Об Одессе и ее порте написано много. «Гамбринус» Куприна, «Белеет парус одинокий» Катаева. Биографические повести Паустовского и рассказы Бабеля. Это читали и будут читать, издавали и будут издавать десятки раз. А вот повесть Сулержицкого «Дневник матроса» {41} шестьдесят с лишним лет пролежала в архиве[26]. Между тем повесть эта — одновременно документально точный очерк и художественное произведение. «Дневник матроса» несколько напоминает и «Гамбринус» и, конечно, горьковского «Челкаша»: ярко, зримо написан Сулержицким одесский порт и люди его — громадная армия матросов, грузчиков, ломовиков, безработных.

Опять повествование льется легко и просто — это дневник человека интеллигентного и наблюдательного, который волею судеб (а вернее — своею волей) сделался матросом, остался без работы в порту, жестоко голодал, жил в ночлежке, часами сидел у моря, ожидая прибытия новых кораблей, и часами простаивал в тысячной толпе, ожидая — возьмут ли его на грошовую работу, можно ли будет поесть сегодня…

Кажется, что это действительно написано в те же дни, в Одессе, в ночлежках — настолько точны здесь впечатления безрадостных дней безработного, так безошибочна переданы интонации каждого человека. Вот голодные матросы тоскливо смотрят в море, и Сашка Пугач задумчиво рассуждает: «Видишь, какой зыб идет, даром что ветру мало… Потому что зимний ветер густой, все одно как смола…» Вот городовой обрабатывает пьяного, и пьяный констатирует: «Сенька, а Сенька, друг! Он мне переднюю губу разбил…» Вот хозяин ночлежки монотонно рассказывает, сколько беспокойства доставила ему портовая проститутка, которая, родив, прибежала в ночлежку с живым ребенком: «Я его, говорит, тут у вас в сортир брошу…» И мне чего-сь сразу так страшно стало, говорю ей: «У нас не бросай, не бросай у нас, слышь… Неси куда хочешь, в парк, в снег закопай, — куда там знаешь, только у нас не кидай, смотри…» А вся история этой проститутки Феньки? А рассказ выброшенного с корабля матроса, умирающего под забором от ревматизма? А одесские трущобы, трактиры, дворы, где бродят шарманщики и пьяные моряки, где растрепанные женщины жарят скумбрию у входа в свои берлоги, ругаются и «заиванивают» матросов? Это не менее сильно написано, чем «Гамбринус». Это произведение трагическое и бесстрашное. Автор «Дневника матроса» не приукрашивает жизнь, но видит и показывает изнанку ее: «Одессе — не верь». И в то же время книга его пронизана верой в людей: в Сашку Пугача (лицо реальное, товарищ Сулержицкого, с которым {42} он впоследствии переписывался), в «вольного человека» Степового, во всех этих бесчисленных обитателей порта, «которые торопятся делать совершенно чужое и ненужное им дело, чтобы только иметь возможность поддержать сегодня свое тело и прикрыть его жалкими отрепьями…».

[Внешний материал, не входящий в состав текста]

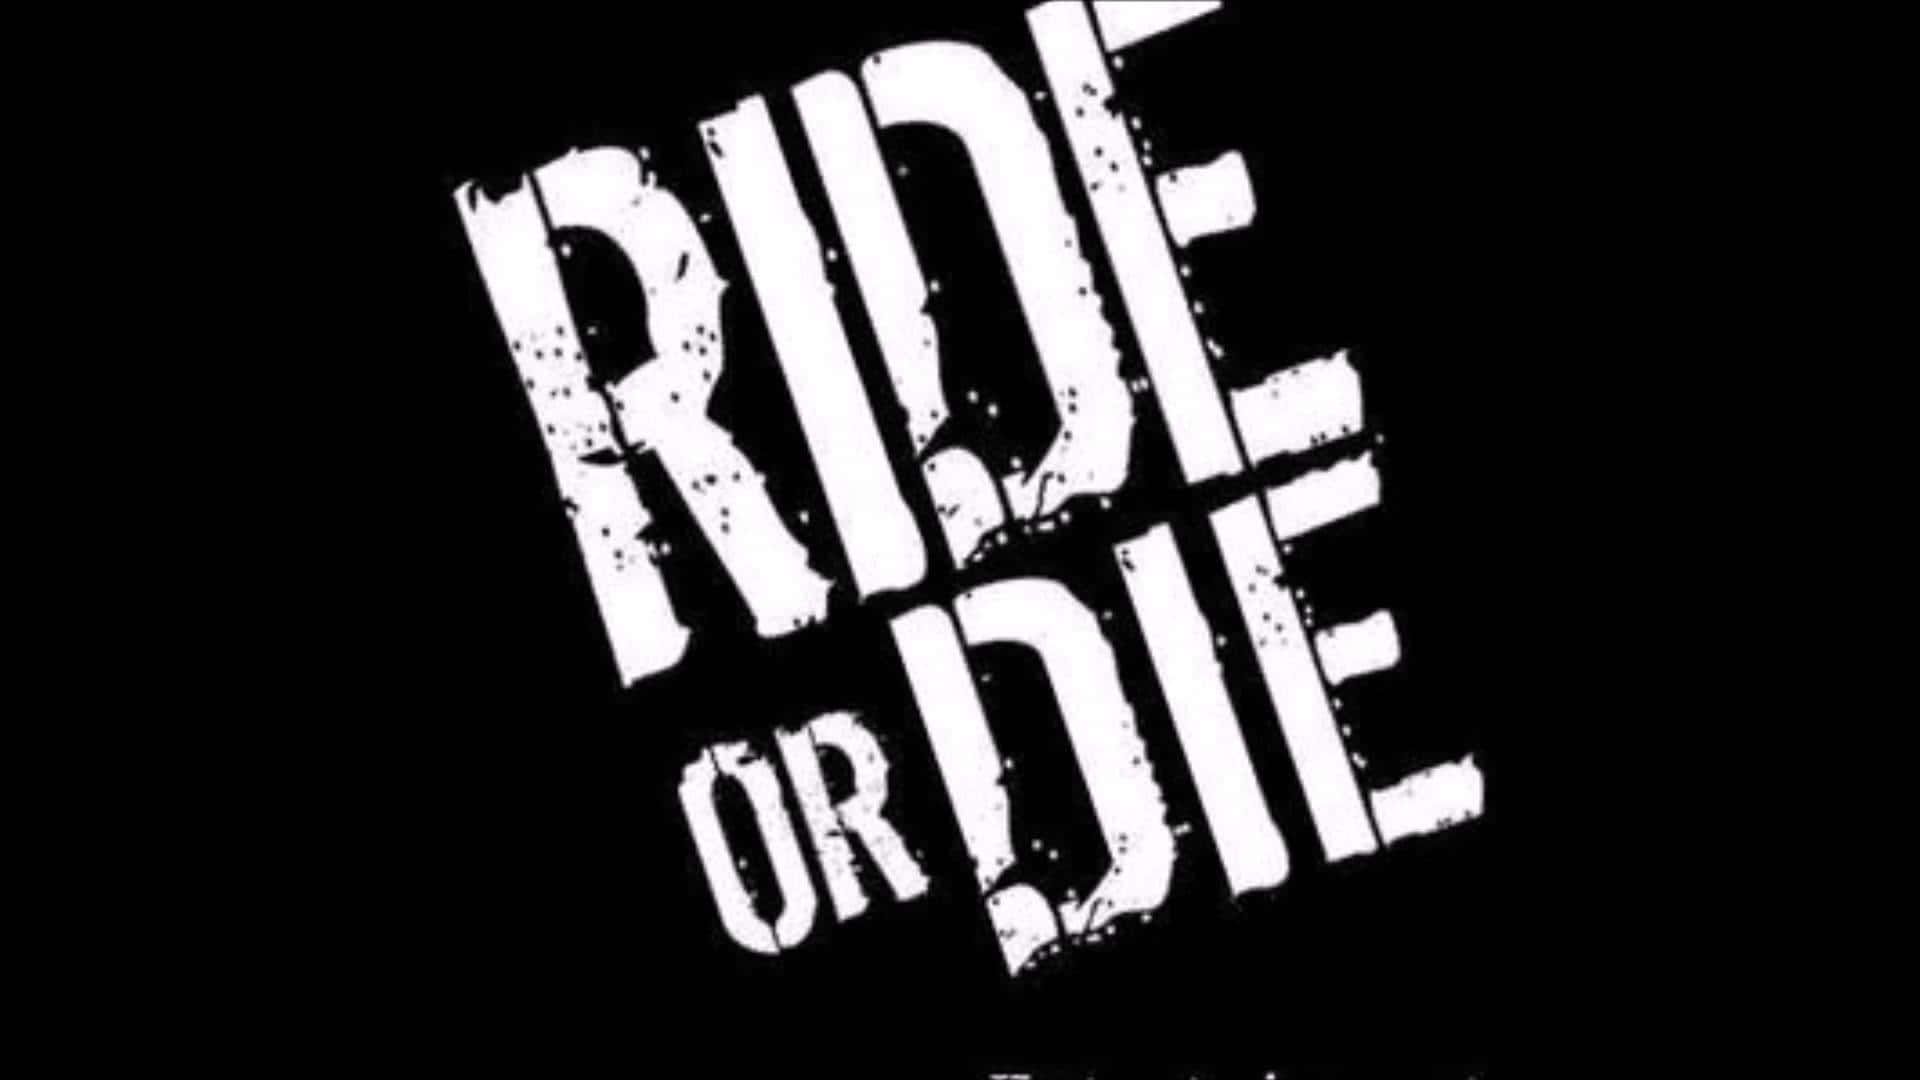 Ride or die sfdf HD phone wallpaper  Peakpx

К «Дневнику матроса» Сулержицкий возвращался неоднократно: он упоминает о «Дневнике» в письме к жене в 1902 году, тогда же сообщает ей: «Читал Горький мой “Дневник матроса”, очень хвалил и требует, чтобы обработать… Говорит, что оригинальная манера писать»[27]. И через много лет, в записной книжке 1915 года, задумав продолжить давние свои литературные эскизы, Сулержицкий набрасывает коротко содержание новых глав. Здесь обозначены главы: «Прощай, Пугач!», «Жизнь корабля», «Порт-Саид», «Красное море», «Индийский океан, тоска, скука», «Праздник в Сингапуре», «Циклоны»… Написаны они не были; «Дневник матроса» кончается выходом героя в плавание на паруснике «Дельфин».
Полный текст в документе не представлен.